In particular, [itex](H \cap K) x = (H \cap K) y[/itex] <=> xy-1 is in [itex]H \cap K[/itex]. Since we already know that xy-1 is in K (because we're looking at cosets in K), this turns out to be the same condition that Hx = Hy. So the number of cosets Hk as k runs over K is the index of [itex]H \cap K[/itex] in K, i.e. |K|/|[itex]H \cap K[/itex]|.

Can you finish it off now?
 
  • #23
morphism said:
Here's a different way to look at things.

HK is the union of cosets Hk as k runs over K. When are two such cosets the same? We know that Hx = Hy <=> xy-1 is in H. Now compare this condition to that of two cosets of [itex]H \cap K[/itex] in K being the same.

In particular, [itex](H \cap K) x = (H \cap K) y[/itex] <=> xy-1 is in [itex]H \cap K[/itex]. Since we already know that xy-1 is in K (because we're looking at cosets in K), this turns out to be the same condition that Hx = Hy. So the number of cosets Hk as k runs over K is the index of [itex]H \cap K[/itex] in K, i.e. |K|/|[itex]H \cap K[/itex]|.

Can you finish it off now?

That was enlightening. It's easy to finish it off - every coset has |H| elements, so, since HK is the union of cosets Hk, where k is from K, one obtains |HK|= |K||H| / [itex]|H \cap K|[/itex]. Thanks a lot!
 

1. What is "Proof of |HK| = (|H|*|K|)/|H∩K| for subgroups H and K in G"?

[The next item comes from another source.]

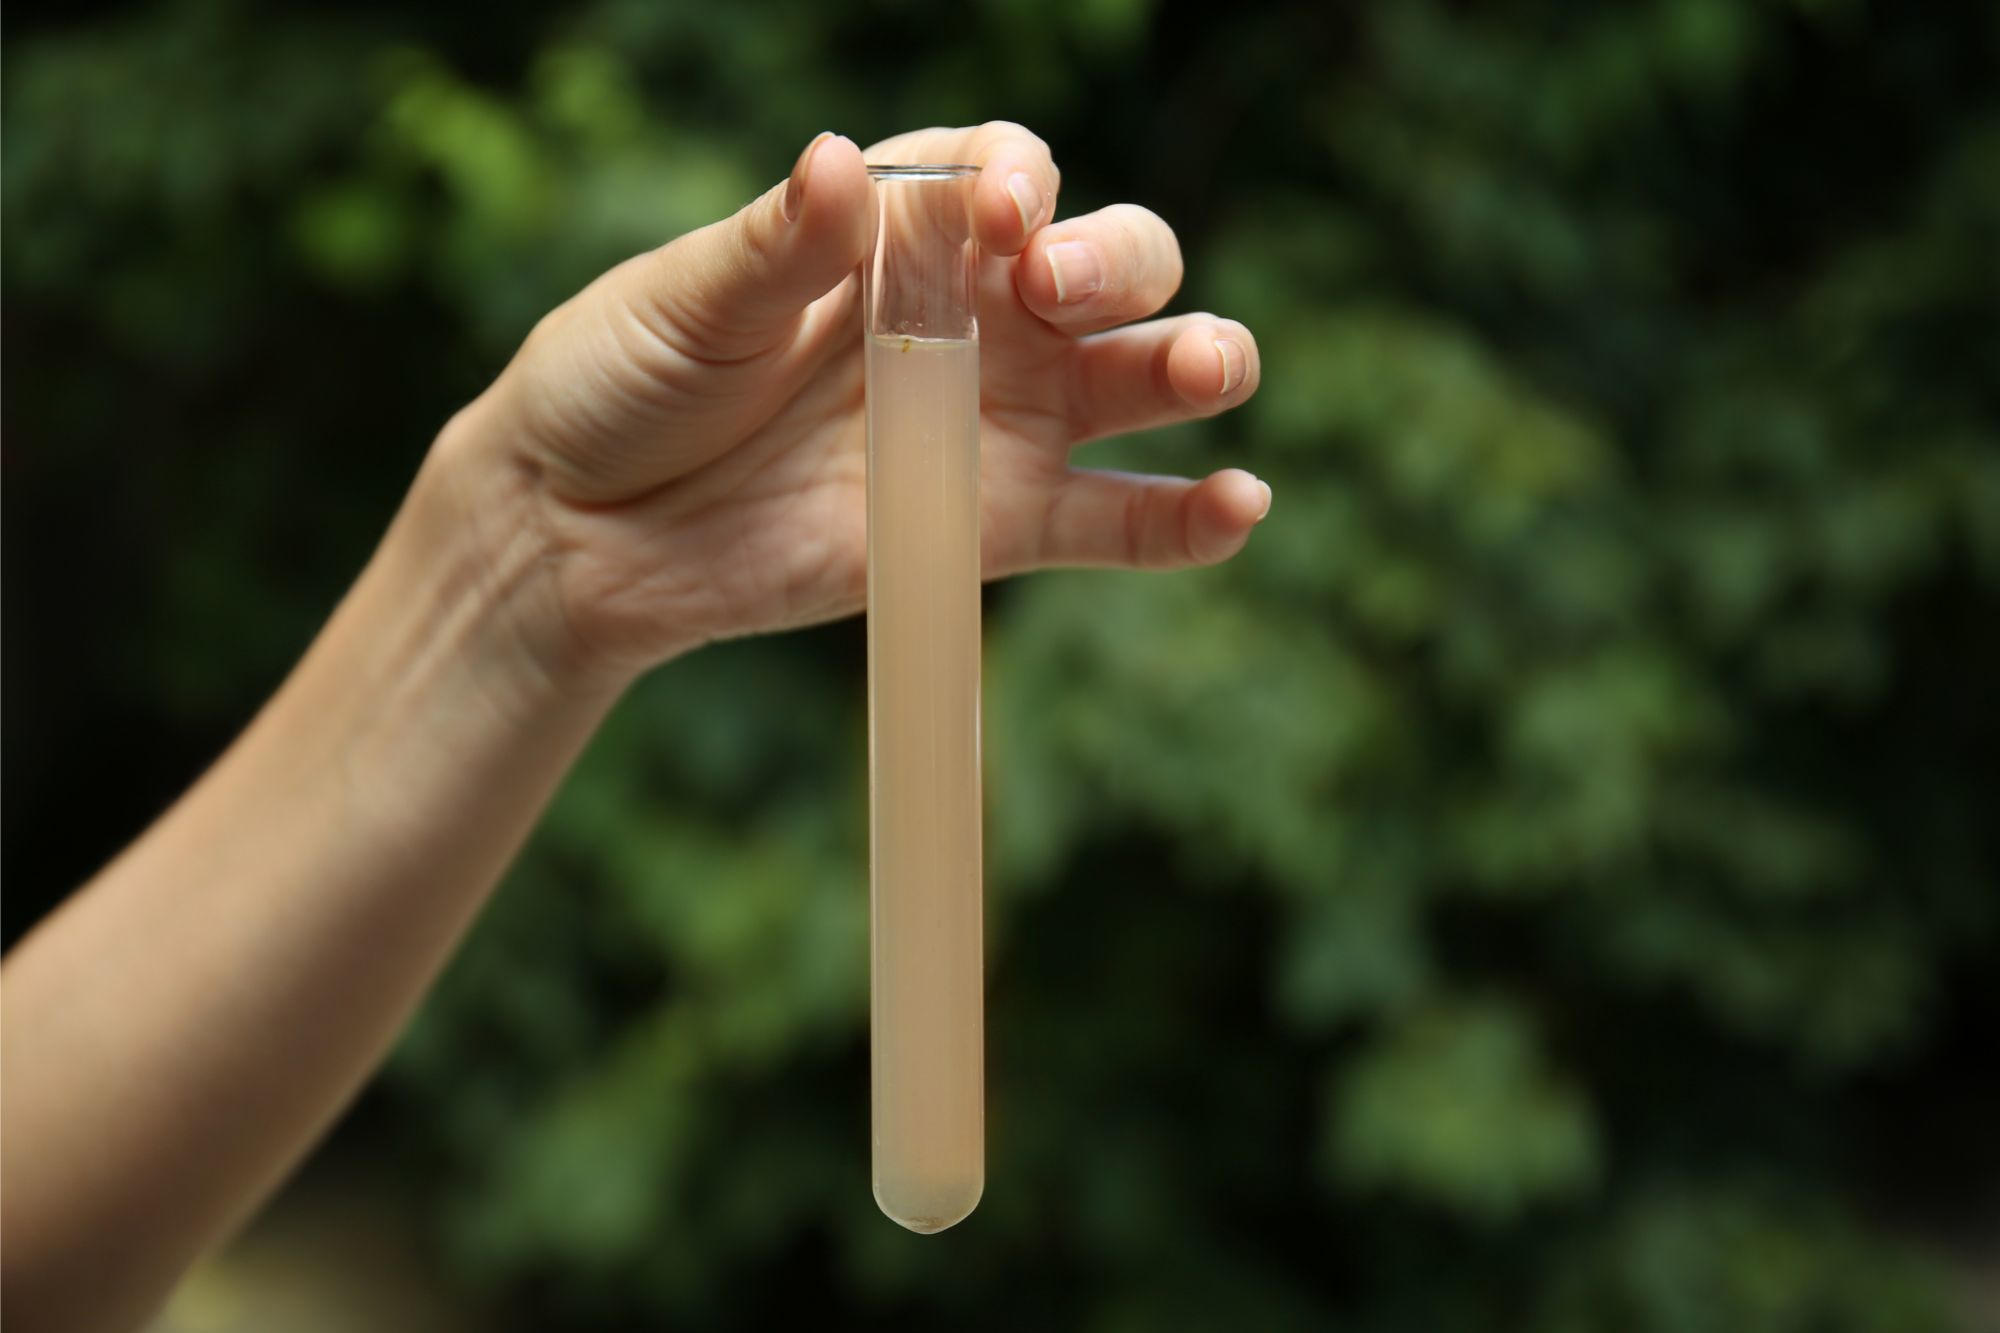 Vial of contaminated water

Proof of |HK| = (|H|*|K|)/|H∩K| is a mathematical formula that describes the relationship between the size of a subgroup formed by the combination of two smaller subgroups in a group G, and the sizes of the individual subgroups and their intersection.

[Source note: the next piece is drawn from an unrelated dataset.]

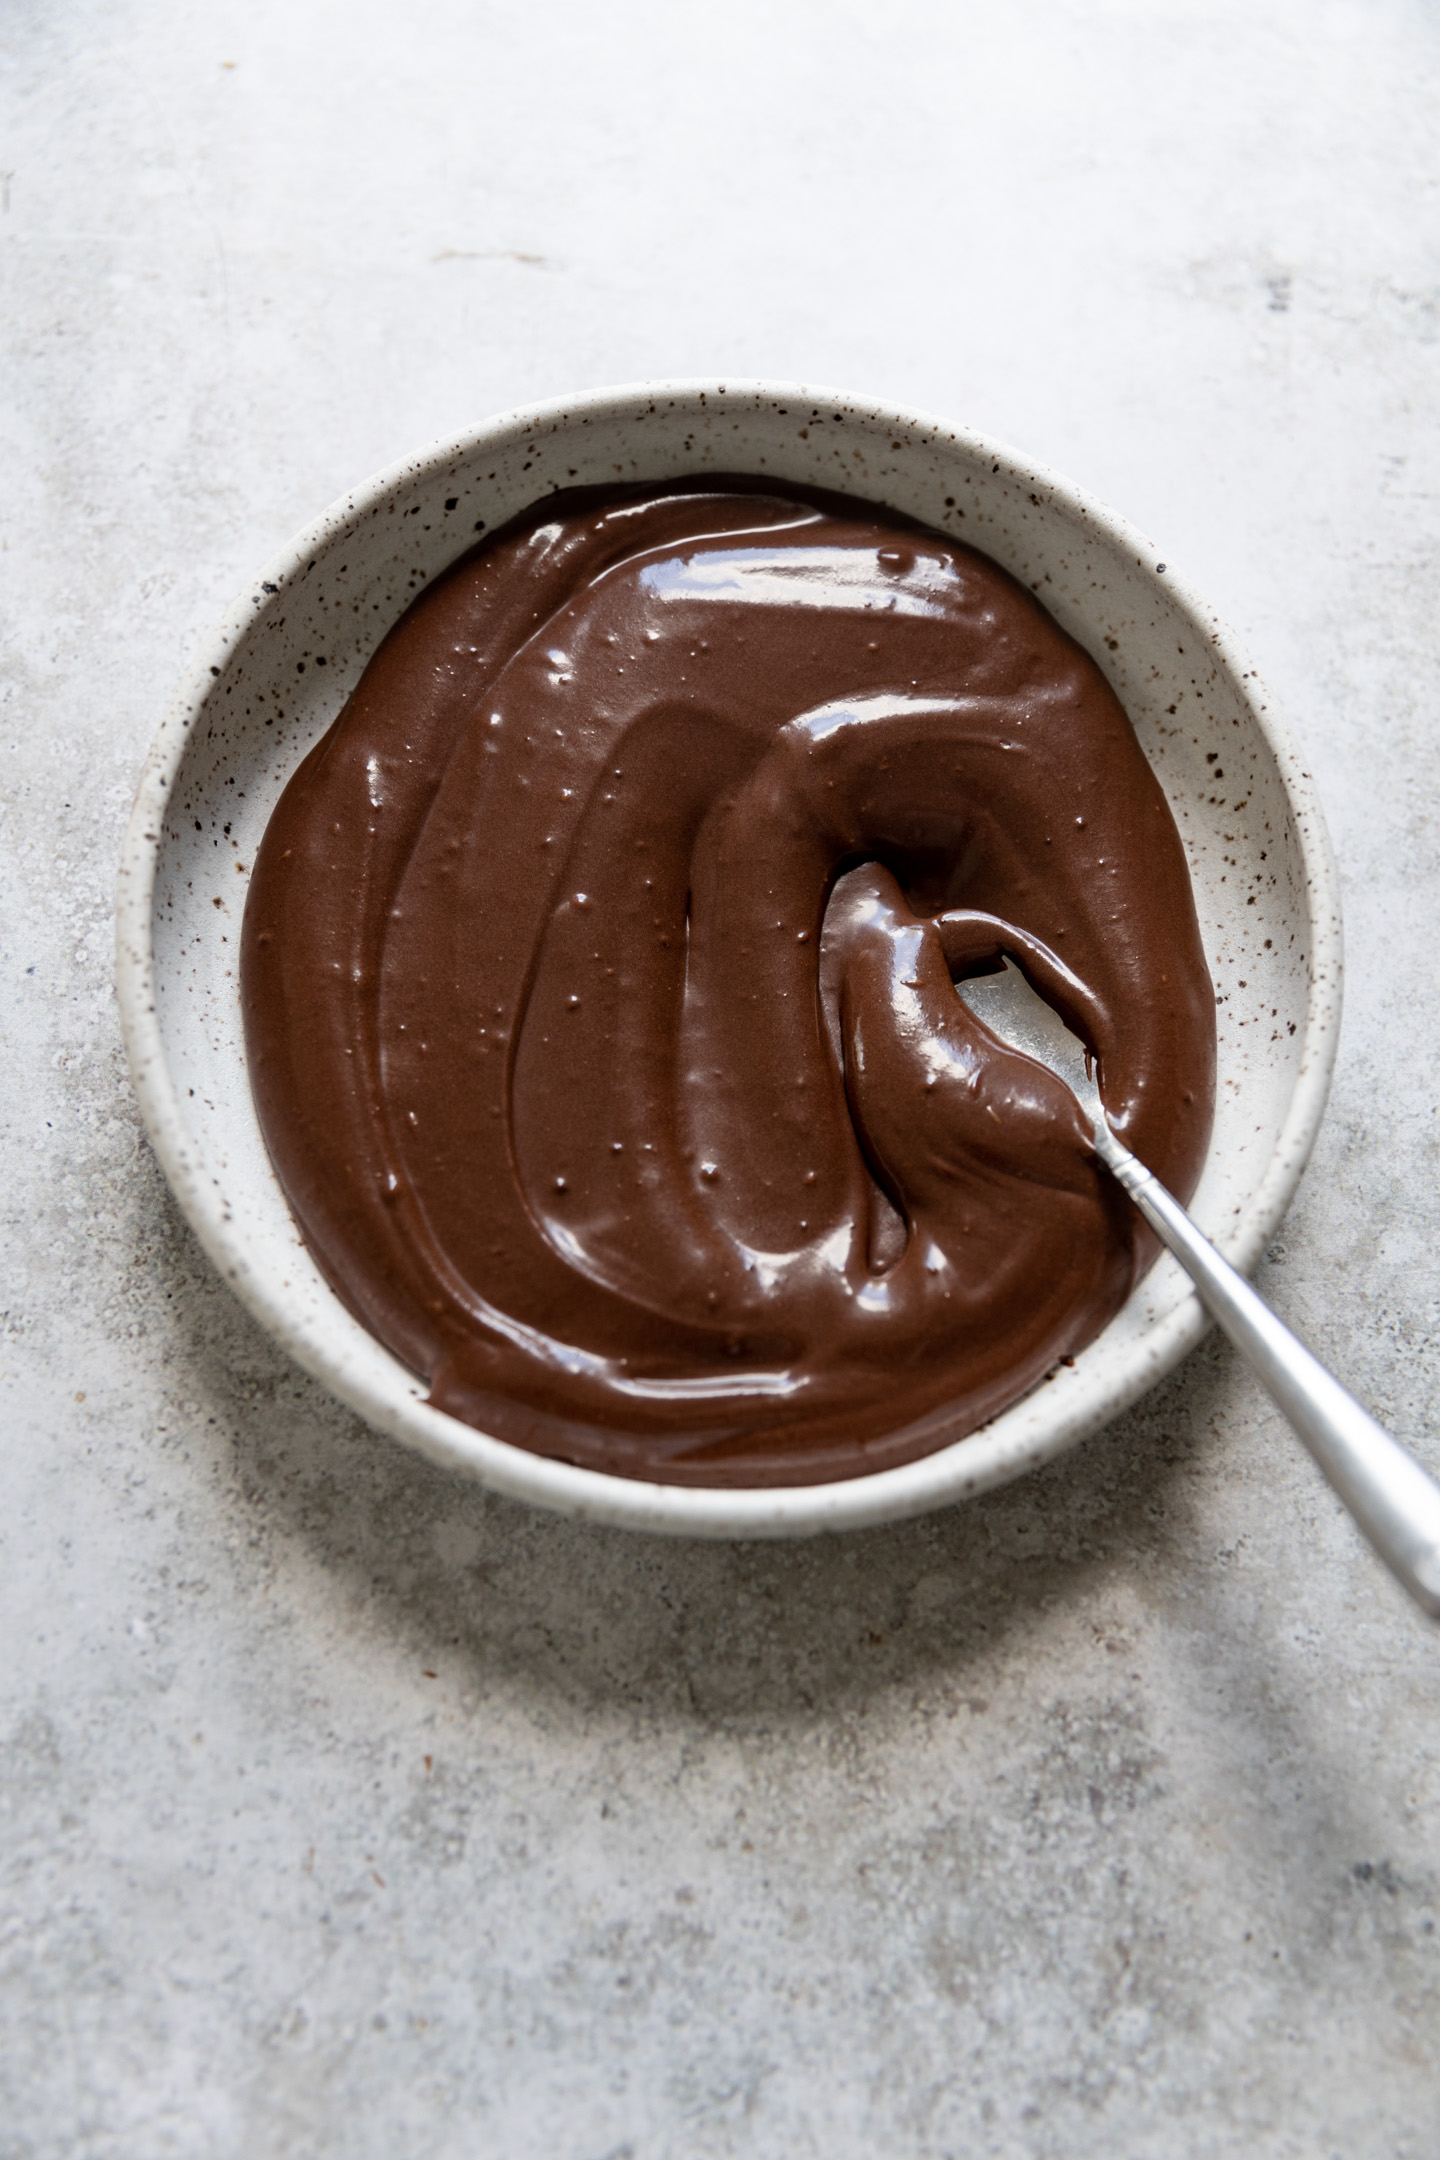 Chocolate glaze in a shallow bowl with a spoon.

2. Why is this formula important in mathematics?

This formula is important because it helps us understand the structure and behavior of groups in mathematics. It allows us to make predictions about the size of subgroups and their intersections, which can then be applied to various mathematical problems and proofs.

3. How is this formula derived?

This formula is derived using basic principles of group theory, specifically the Lagrange's Theorem, which states that the order (size) of a subgroup must divide the order of the group. By applying this theorem to the intersection of two subgroups, we can derive the formula for the size of the combined subgroup.

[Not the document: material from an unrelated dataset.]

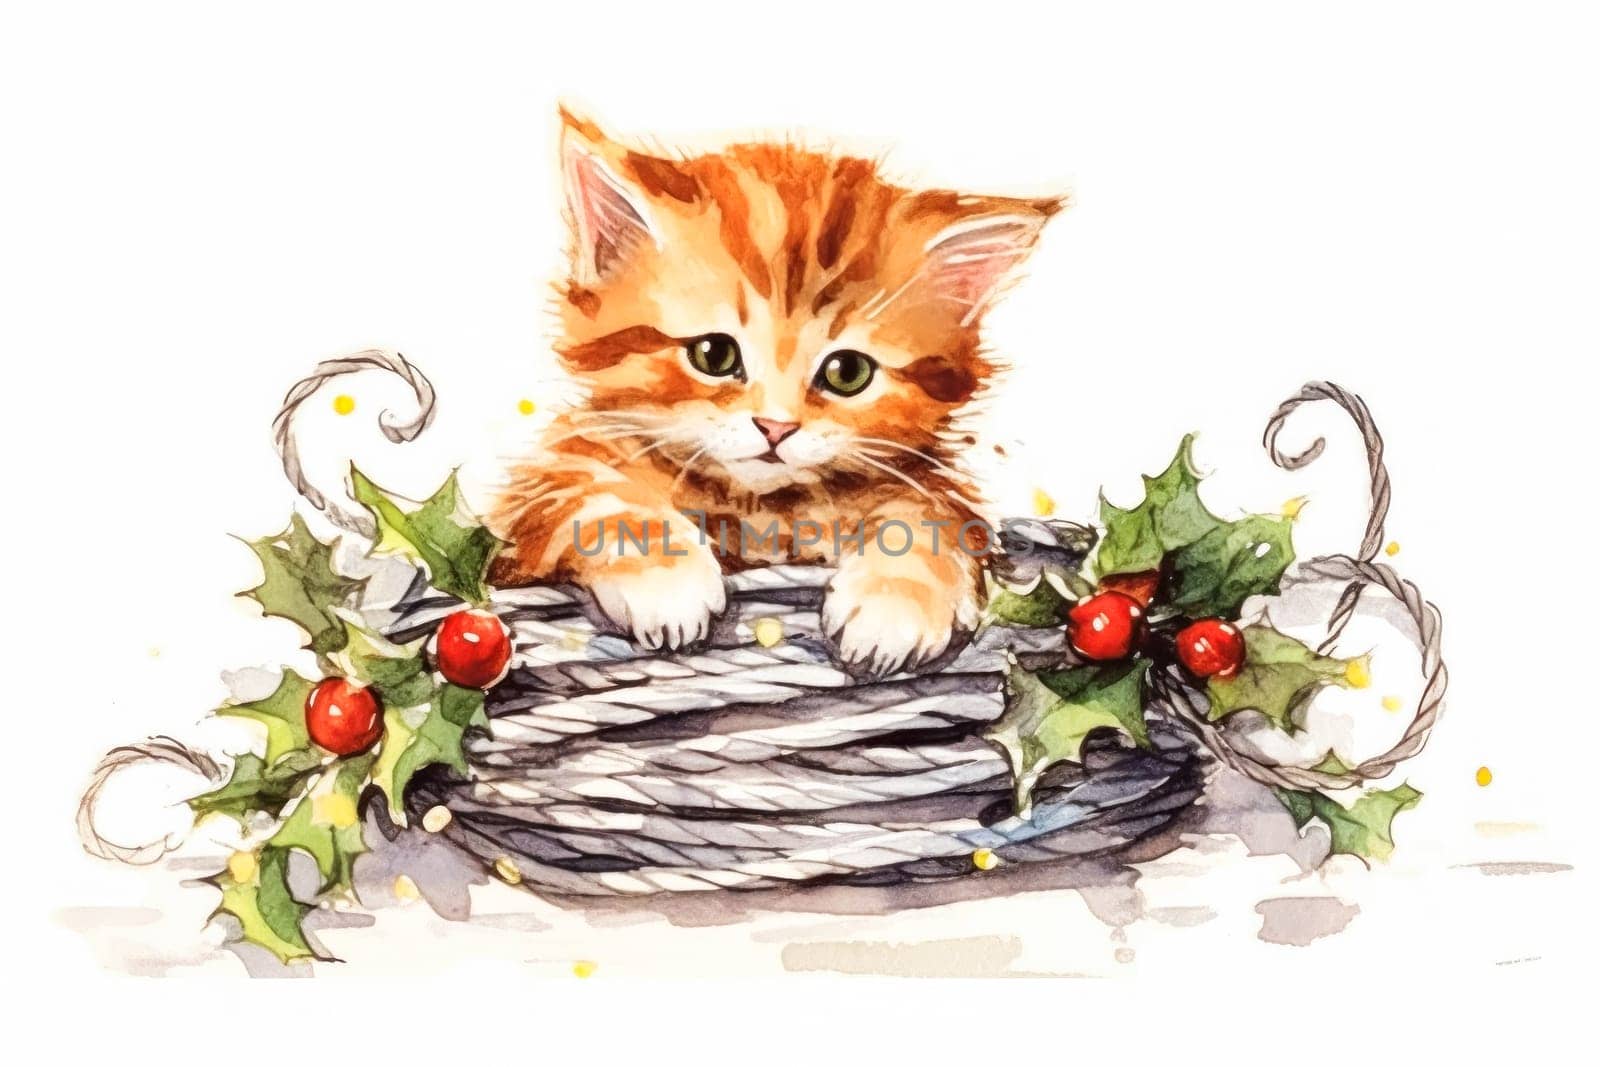 watercolor masterpiece adorable kitten amidst Christmas decorations, capturing the joy of celebrating Christmas and New Year.

4. Can this formula be applied to any type of group?

Yes, this formula can be applied to any type of group, as long as the group satisfies the requirements for subgroups and their intersections. It is a fundamental concept in group theory and can be used in a wide range of mathematical problems and proofs.

5. What are some real-world applications of this formula?

This formula has many real-world applications, particularly in computer science and physics. It is used in cryptography to analyze the security of encryption algorithms, and in particle physics to understand the symmetries and interactions of subatomic particles. It is also used in economics to model the behavior of markets and in social networks to study the relationships between individuals.